What is a shallow copy, a deep copy

What we often call a deep and shallow copy is really the difference between passing a value and a reference: the

  • Deep Copy is the use of a new piece of memory of the same size as the original object to copy all the values of the object to be copied into the new memory location, and the copied object and the original object are independent of each other. Assigning values using deep copy, the values are passed.

  • Shallow copy is to use the reference of the original object as the object to copy, and not to use the new memory to store the copied object, the copied object and the original object share the same block of memory, so make changes to either one of them, the other will also change with it. Use shallow copy assignment, pass the reference.

Assignment of objects in Python

Python uses shallow copies in many places, which is very different from the default way of passing references in C/C++ (which defaults to passing values unless the declaration is a reference).

In Python, assignment of objects is a shallow copy; when assigning an object to another variable, Python just copies the reference to that object.

Using some functions of the Python standard library, if you don’t pay attention to its shallow-copy feature, you can easily fall into the pit and get inexplicable bugs.

append() function

To append elements to the end of Pyhton’s list, we usually use the append() function, but note that append() uses a shallow copy.

As in the example I gave at the beginning.

When to use deep copy

Deep copy is used when a list is nested inside a list.

Classic example

Example 1

 1
 2
 3
 4
 5
 6
 7
 8
 9
10
old_list = [[1, 2, 3], [4, 5, 6], [7, 8, 'a']]
new_list = old_list

new_list[2][2] = 9

print('Old List:', old_list)
print('ID of Old List:', id(old_list))

print('New List:', new_list)
print('ID of New List:', id(new_list))
1
2
3
4
Old List: [[1, 2, 3], [4, 5, 6], [7, 8, 9]]
ID of Old List: 140425275713928
New List: [[1, 2, 3], [4, 5, 6], [7, 8, 9]]
ID of New List: 140425275713928

From the output you can see that the two variables old list and new list share the same id i.e. 140673303268168.

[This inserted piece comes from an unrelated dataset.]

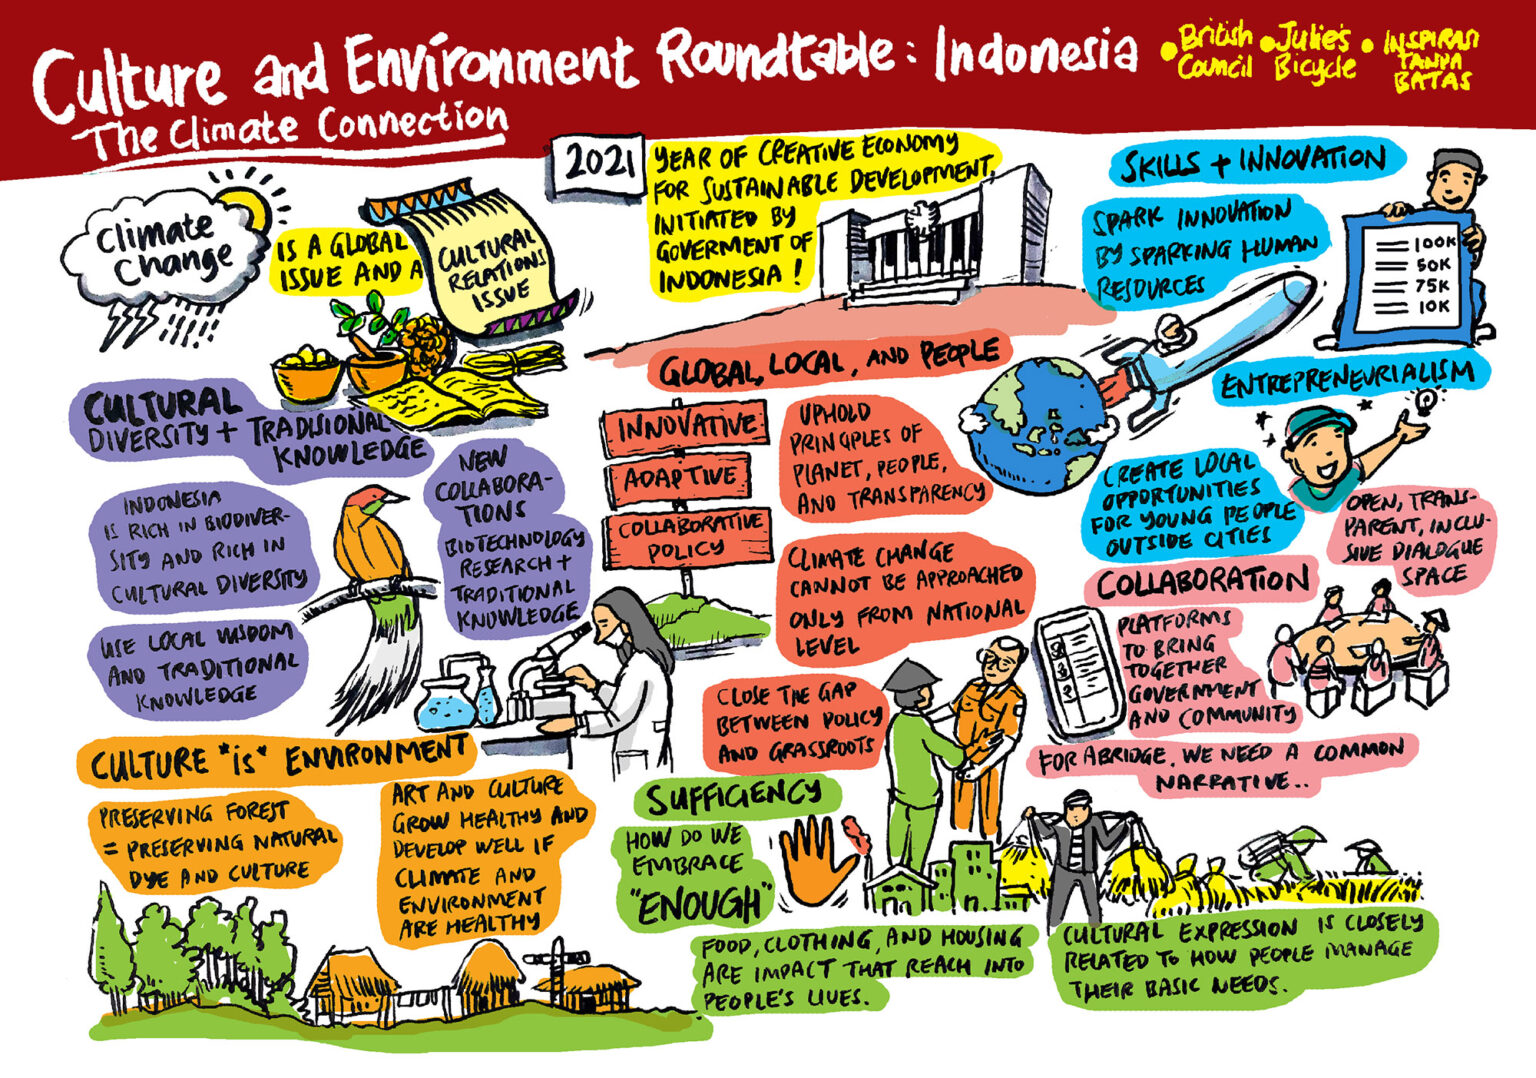 Ilustrasi Climate Connection Culture and Environment Roundtable Indonesia. (Dok. Julie's Bicycle

So if you want to change any value in the new list or the old list, the change will be visible in both.

Essentially, sometimes you may want to leave the original value unchanged and only modify the new value, and vice versa. In Python, there are two ways to create copies.

  1. a shallow copy
  2. deep copy

To make these copies work, we use the copy module.

Example 2

 1
 2
 3
 4
 5
 6
 7
 8
 9
10
import copy

old_list = [[1, 1, 1], [2, 2, 2], [3, 3, 3]]
new_list = copy.copy(old_list)

old_list.append([4, 4, 4])
new_list.append([5, 5, 5])

print("Old list:", old_list)
print("New list:", new_list)
1
2
Old list: [[1, 1, 1], [2, 2, 2], [3, 3, 3], [4, 4, 4]]
New list: [[1, 1, 1], [2, 2, 2], [3, 3, 3], [5, 5, 5]]

In the above program, we created a shallow copy of new_list for old_list . Then we append new elements to old_list and new_list respectively, and we can see that they are independent of each other.

Example 3

1
2
3
4
5
6
7
8
9
import copy

old_list = [[1, 1, 1], [2, 2, 2], [3, 3, 3]]
new_list = copy.copy(old_list)

old_list[1][1] = 'AA'

print("Old list:", old_list)
print("New list:", new_list)
1
2
Old list: [[1, 1, 1], [2, 'AA', 2], [3, 3, 3]]
New list: [[1, 1, 1], [2, 'AA', 2], [3, 3, 3]]

In the above program, we created a shallow copy of new_list for old_list . Then we modified the nested list elements inside old_list and found that new_list was changed along with it. This is because both lists share references to the same nested object.

Example 4

1
2
3
4
5
6
7
8
9
import copy

old_list = [[1, 1, 1], [2, 2, 2], [3, 3, 3]]
new_list = copy.deepcopy(old_list)

old_list[1][0] = 'BB'

print("Old list:", old_list)
print("New list:", new_list)
1
2
Old list: [[1, 1, 1], ['BB', 2, 2], [3, 3, 3]]
New list: [[1, 1, 1], [2, 2, 2], [3, 3, 3]]

As you can see, after using deep copy. Modifying the elements of old_list no longer affects new_list . This means that old_list and new_list are independent. This is because, old_list is copied recursively, for all nested objects.